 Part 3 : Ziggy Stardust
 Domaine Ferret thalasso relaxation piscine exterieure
···
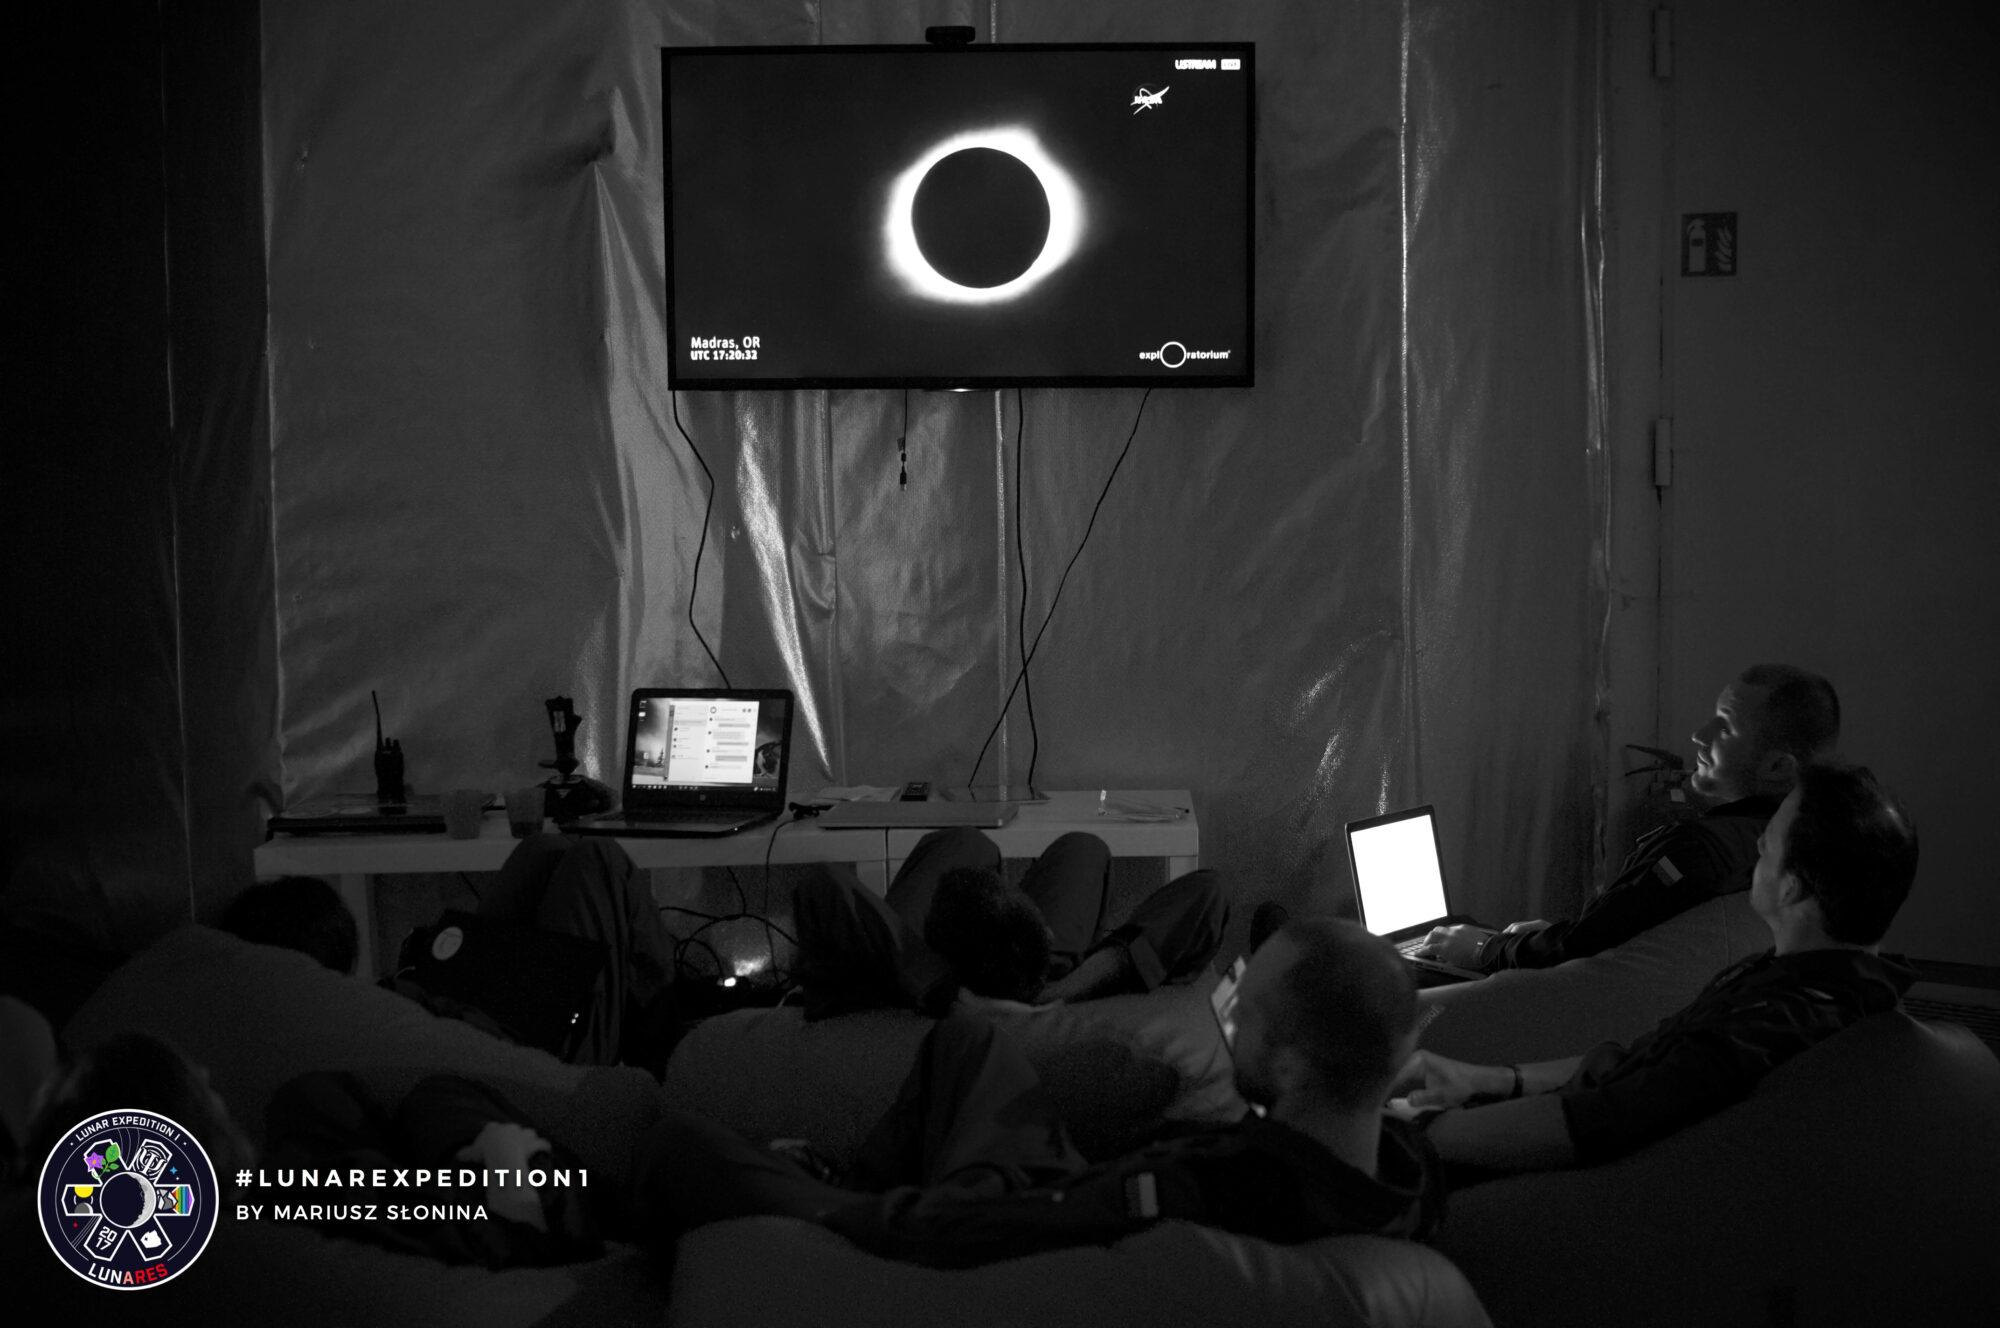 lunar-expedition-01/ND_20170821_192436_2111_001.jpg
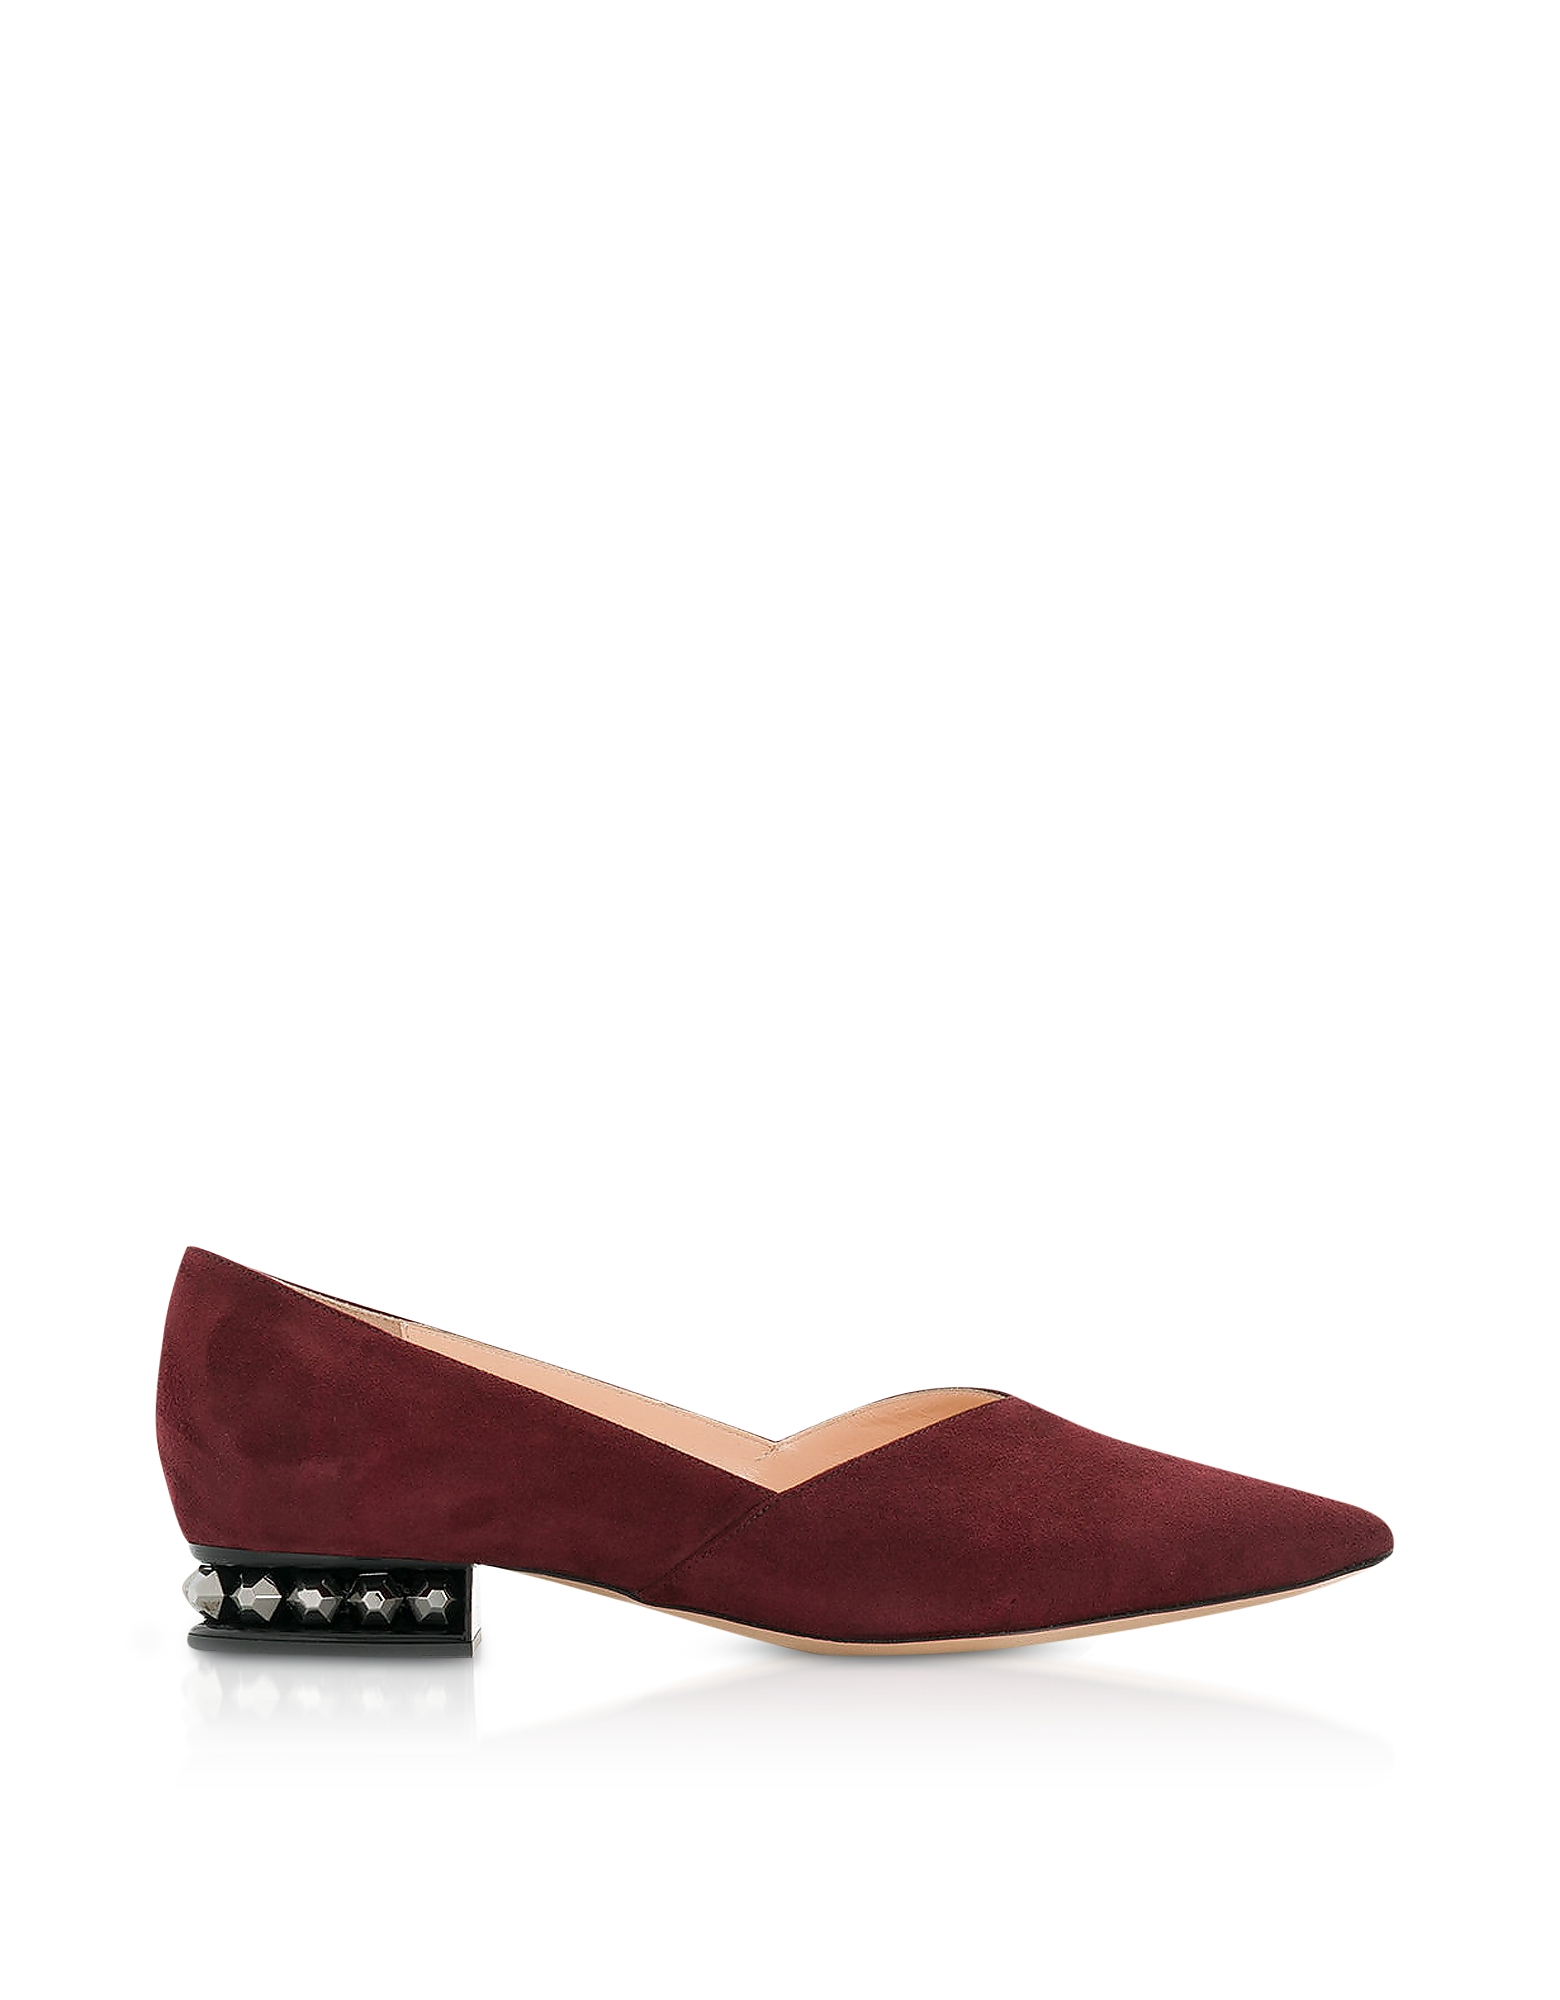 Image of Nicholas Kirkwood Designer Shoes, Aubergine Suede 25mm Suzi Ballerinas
···
• TO DO:
Word for word, restate the lines above from the line containing "Part 3 : Ziggy Stardust" through the line containing "Domaine Ferret thalasso", with both included and nothing else.

• SOLVED EXERCISE:
 Part 3 : Ziggy Stardust
 Domaine Ferret thalasso relaxation piscine exterieure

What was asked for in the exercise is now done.